Oleh karena itu, pengujian sistematis dilakukan untuk menyelidiki sifat elektrokimia elektroda diatomit@FeOOH dengan lebih baik. Gambar 3a menunjukkan kurva CV khas sampel FeOOH dalam kisaran potensial dari 1 hingga 0 V pada laju pemindaian yang berbeda. Kurva charge-discharge galvanostatik dari elektroda diatomite@FeOOH pada rapat arus yang berbeda disajikan pada Gambar. 3b. Bentuk kurva CV dan CC dari elektroda diatomite@FeOOH menunjukkan karakteristik pseudocapacitance dari diatomite@FeOOH. Gambar 3c lebih lanjut menggambarkan hubungan antara kepadatan spesifik dan arus. Kemampuan siklus elektroda diatomite@FeOOH menjadi sasaran uji siklus panjang untuk 1000 siklus berturut-turut (Gbr. 3d), dan retensi kapasitas setelah 1000 siklus adalah sekitar 98,95%. Kurva CC dari 10 siklus terakhir menunjukkan tidak ada variasi struktur utama selama proses pelepasan muatan. Selain itu, plot Nyquist untuk elektroda sampel FeOOH (File tambahan 1:SI-4) berisi setengah lingkaran di batas frekuensi tinggi dan garis lurus di rentang frekuensi rendah. Resistansi internal (Rs ) elektroda adalah sekitar 3,0 Ω dan 3,5 sebelum dan sesudah 1000 siklus tanpa banyak variasi, sedangkan resistansi transfer muatan (Rct ) adalah sekitar 1,2 dan 4,0 Ω sebelum dan sesudah 1000 siklus. Temuan ini mungkin bertanggung jawab atas sifat elektrokimia yang baik dari elektroda diatomite@FeOOH.

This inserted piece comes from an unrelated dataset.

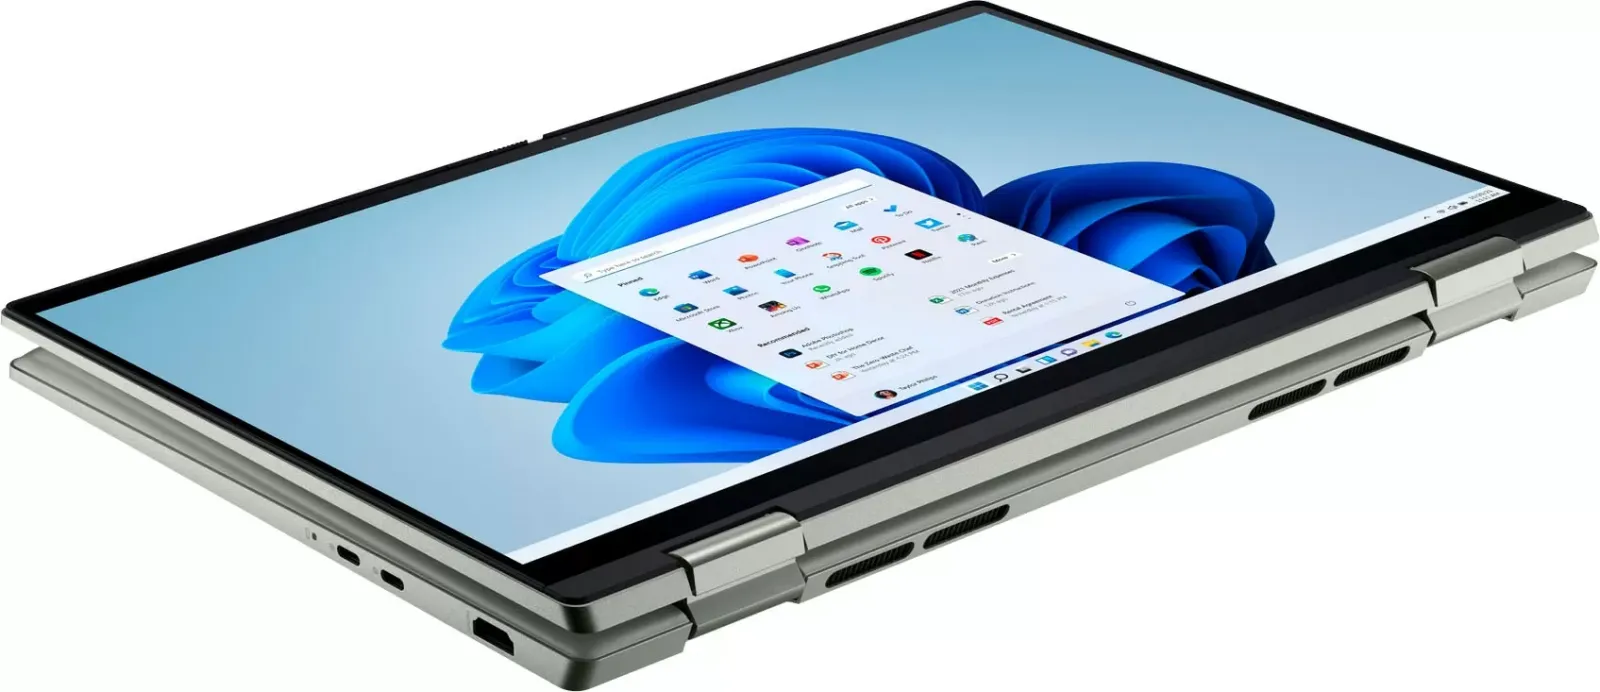 Ноутбук Dell Inspiron 7425 (I7425-A242PBL-PUS) CUSTOM ціна
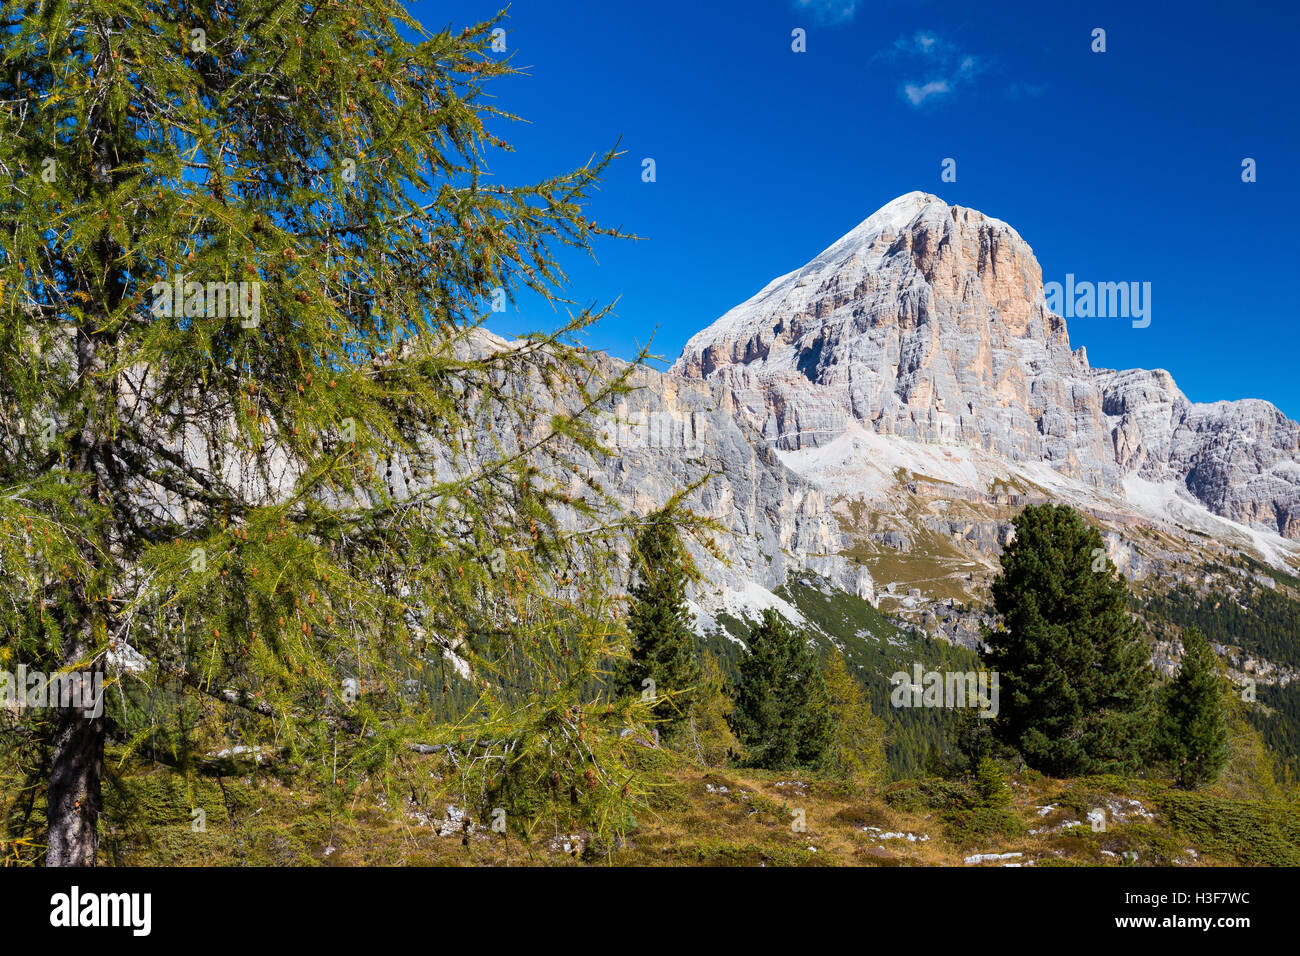 Autumn season in the Ampezzo Dolomites. Larches forest. Tofana di Rozes mountain peak. Passo Falzarego. Dolomiti. Italian Alps. Europe. Stock Photo

a Kurva CV Diatomite@FeOOH diukur pada kecepatan pemindaian yang berbeda. b Kurva CC Diatomite@FeOOH diukur pada rapat arus yang berbeda. c Kapasitansi spesifik diukur pada rapat arus yang berbeda. d Performa bersepeda elektroda pada rapat arus 1 A g
−1
(inset menunjukkan kurva pengisian-pengosongan dari 10 siklus terakhir)
Kesimpulan
Singkatnya, kami menyiapkan diatomit yang dihias dengan oksida besi yang dikombinasikan dengan proses penggantian berikutnya dengan pendekatan hidrotermal yang lancar dan efektif. Oksida besi/hidroksida ini memiliki morfologi dan struktur nanosheet yang terkontrol dengan baik. Bahan diatomite@FeOOH menunjukkan sifat elektrokimia yang menjanjikan, yang lebih unggul dari bahan oksida besi lainnya. Kapasitansi spesifik diatomite@FeOOH adalah 157,9 F g
−1
pada rapat arus 0,5 A g
−1
, dan kinerja siklusnya bagus (retensi 98,95% setelah 1000 siklus). Sebenarnya, diatomit@FeOOH yang hierarkis dan berpori bisa menjadi bahan aktif yang menjanjikan untuk superkapasitor. Selanjutnya, strategi sintesis tersebut dapat diperluas ke persiapan bahan fungsional turunan oksida logam lainnya menuju penyimpanan dan konversi energi.